7758 Ah∅(1-Sw)/Boi. This is the equation used to calculate the volume of oil initially in place in a reservoir, also known as Stock Tank Oil Initially In Place, or STOIIP. This is NOT the same as the volume of oil that can be recovered from a reservoir. For this, you need to multiply by an estimated recovery factor (Rf). It is also not the same as the prospective resource a company might present before it drills an exploration well. Knowing the difference is essential. There is often significant variance in: (1) the loose definitions that some companies apply to their resource bases; and (2) the consistency of terminology with respect to how their ‘resources’ are presented. This short report aims to set the record straight and to provide investors with a brief reference point to enable a quick judgement to be made on just how significant, or not, a company’s resource base might be, based on the ‘reserve’ and ‘resource’ estimates they present to the market.

Reserves and Resources. Some of the terminology in the E&P sector is not particularly intuitive. One of the first and most important sets of data to get a feel for, however, is what all E&P companies are looking for and that is, oil and gas reserves and resources. 

What are they? At a high level, 'reserves' can be defined as commercially recoverable volumes of hydrocarbons, i.e. they have been discovered, they have been appraised and they have been shown to be economically recoverable. 'Reserves', rightly so, have tangible value.
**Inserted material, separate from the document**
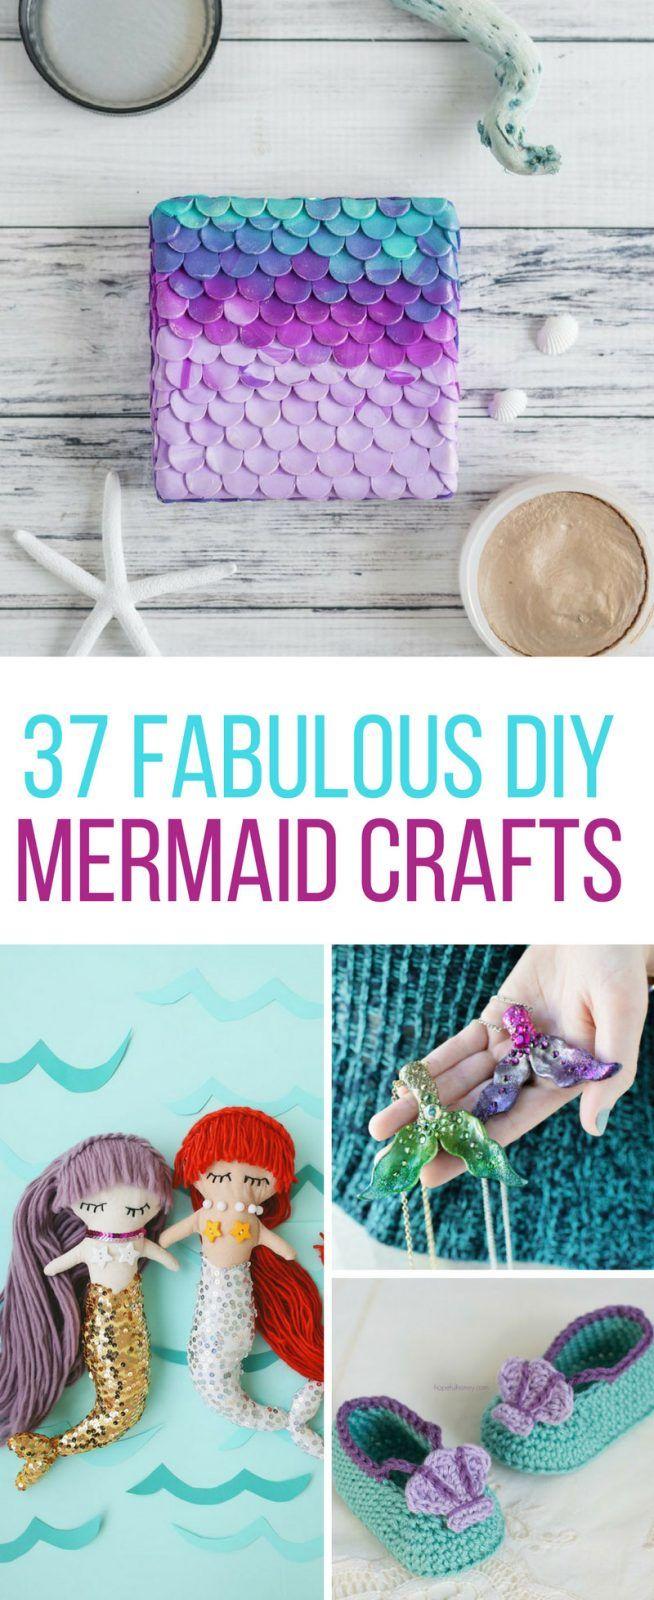 cd7b5672f2936 37 Fabulous DIY Mermaid Crafts to Make You Feel Like You re Under ...
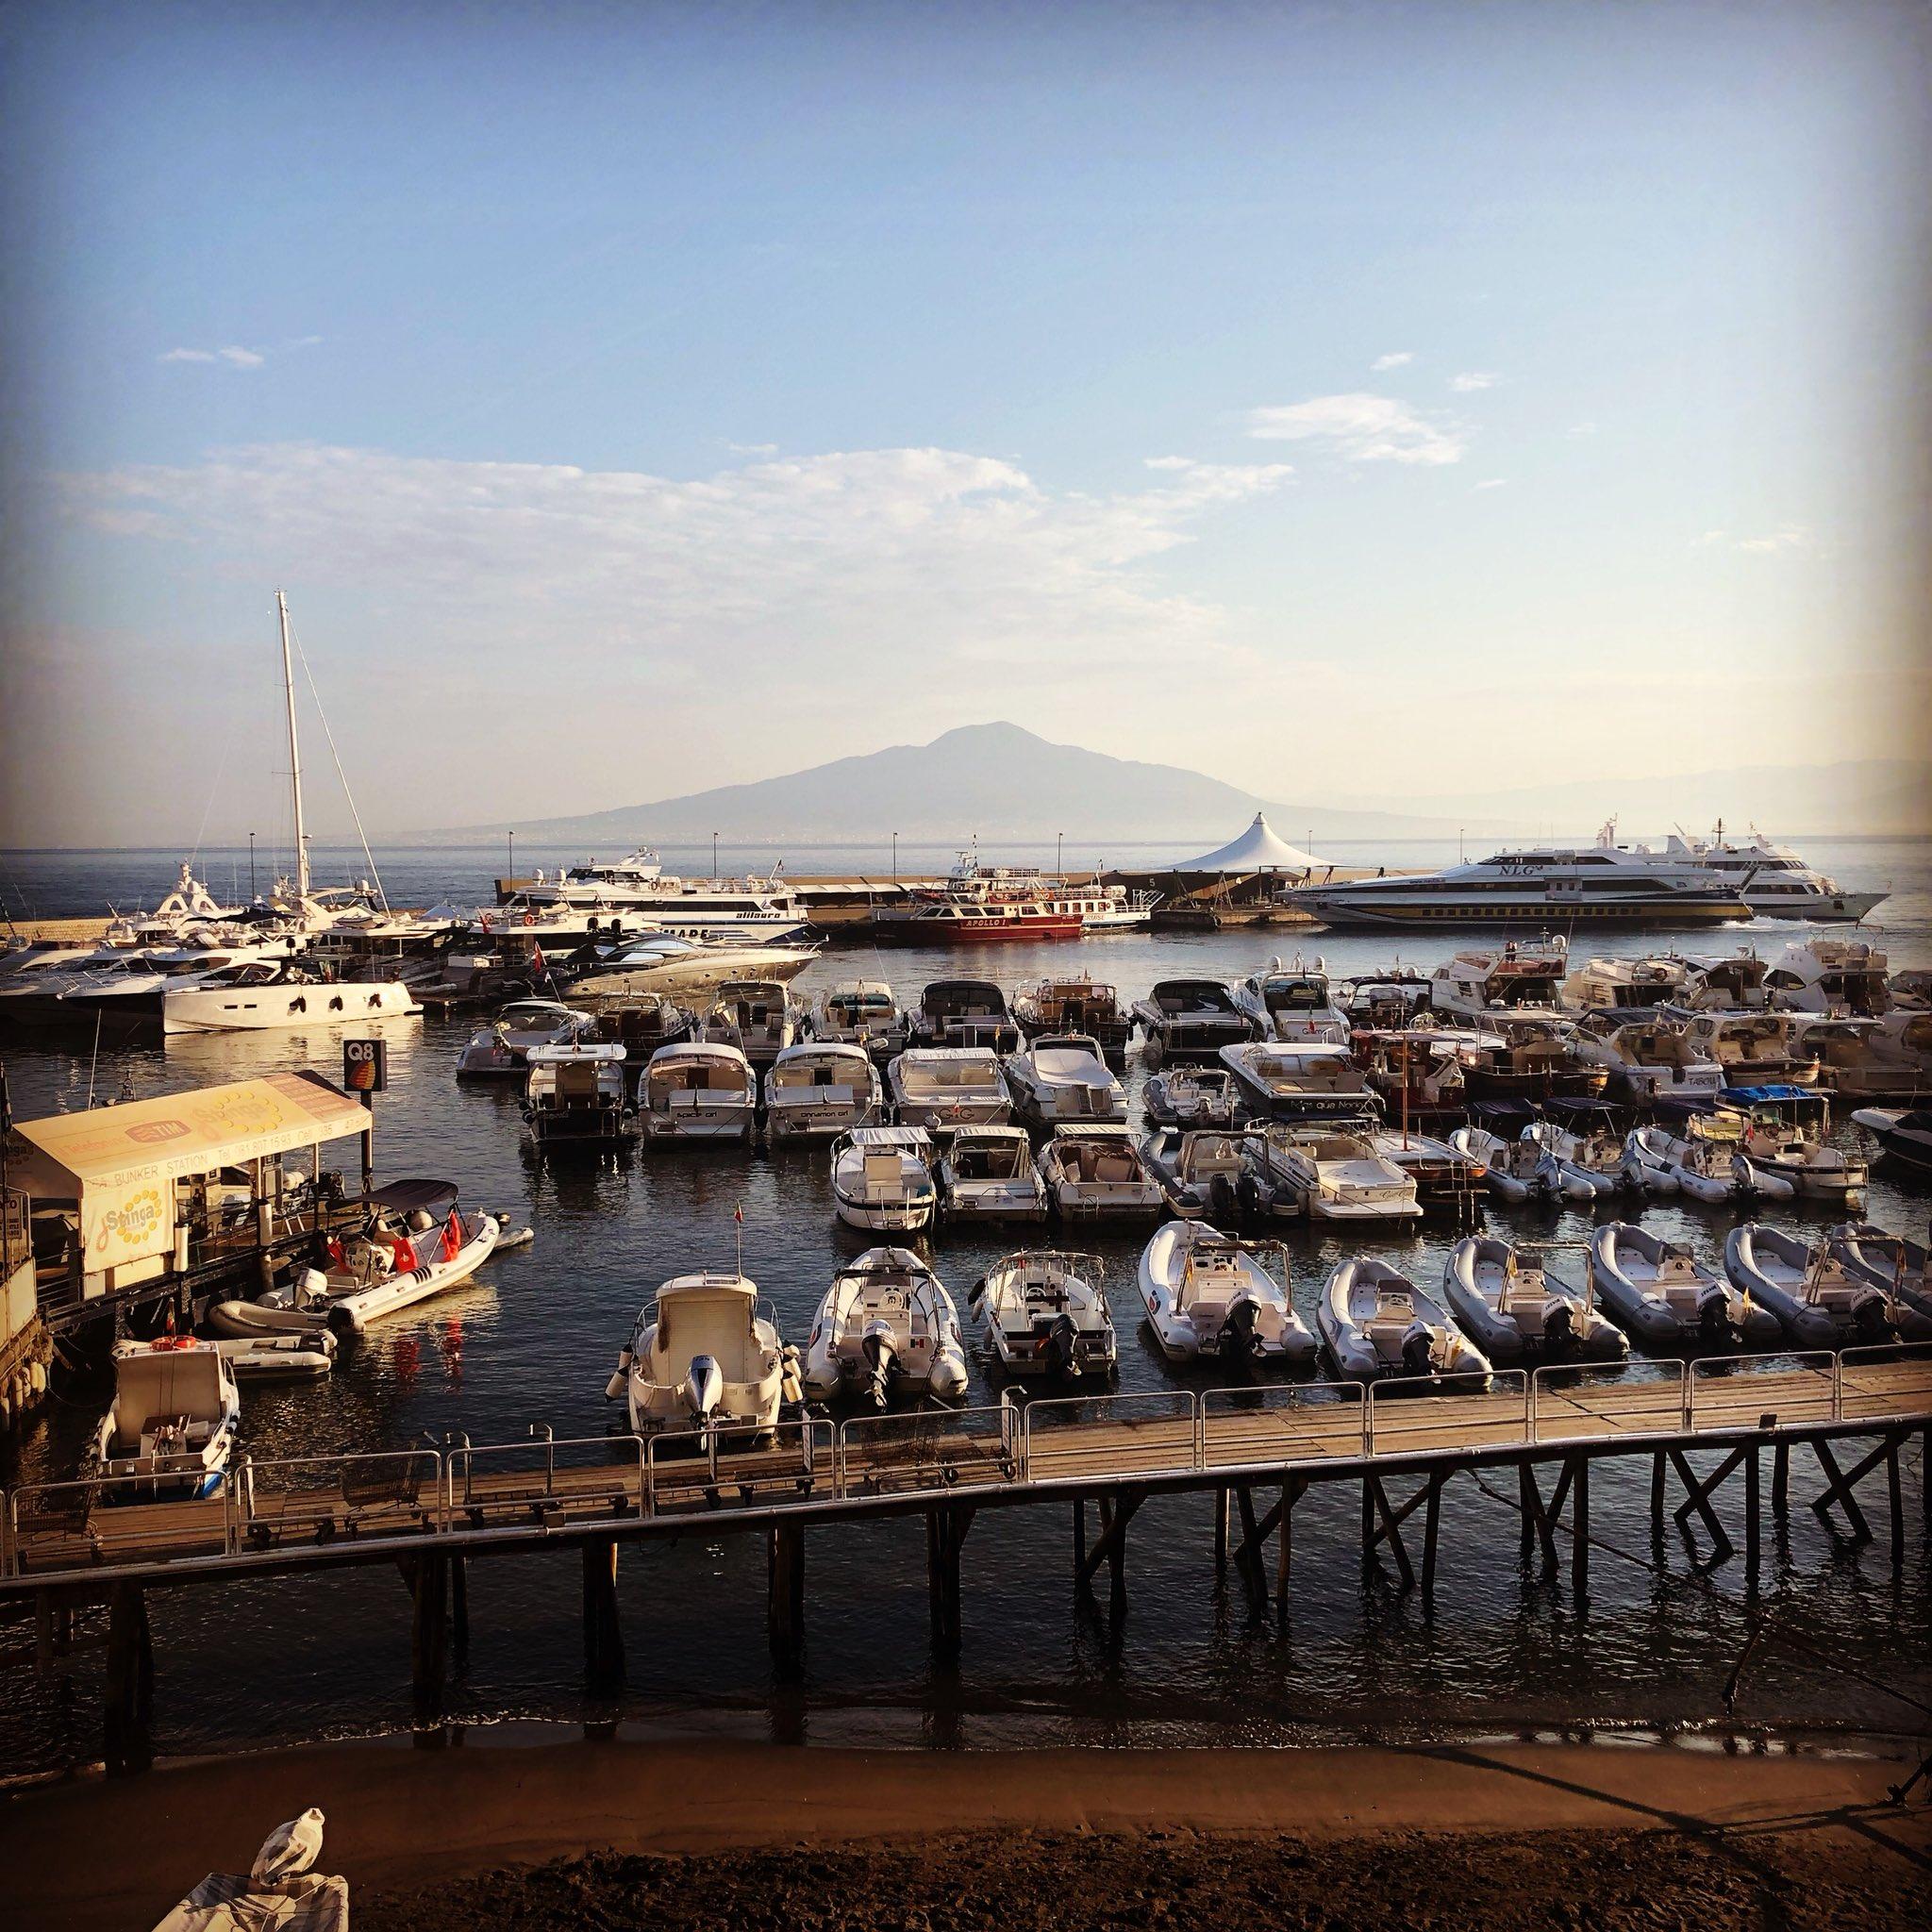 @TravelGov #PhotoChallenge #Travelgram Sorrento, Italy on a quiet morning with Mount Vesuvius in the horizon https://t.co/lQqZ8wRwN2

On the other hand, 'Resources' are less mature and in some instances are yet to be discovered. As such, they are inherently more risky, which from a ‘value’ perspective means they do not attract anywhere close to the same market or industry ‘value’ as reserves.

There are three main reserve and resource categories
1.Reserves – “are those quantities of petroleum anticipated to be commercially recovered from known accumulations from a given date forward”, i.e. a discovery has been made, it has been sufficiently appraised and a company has shown it has both the technical and commercial capability to develop the appraised hydrocarbons.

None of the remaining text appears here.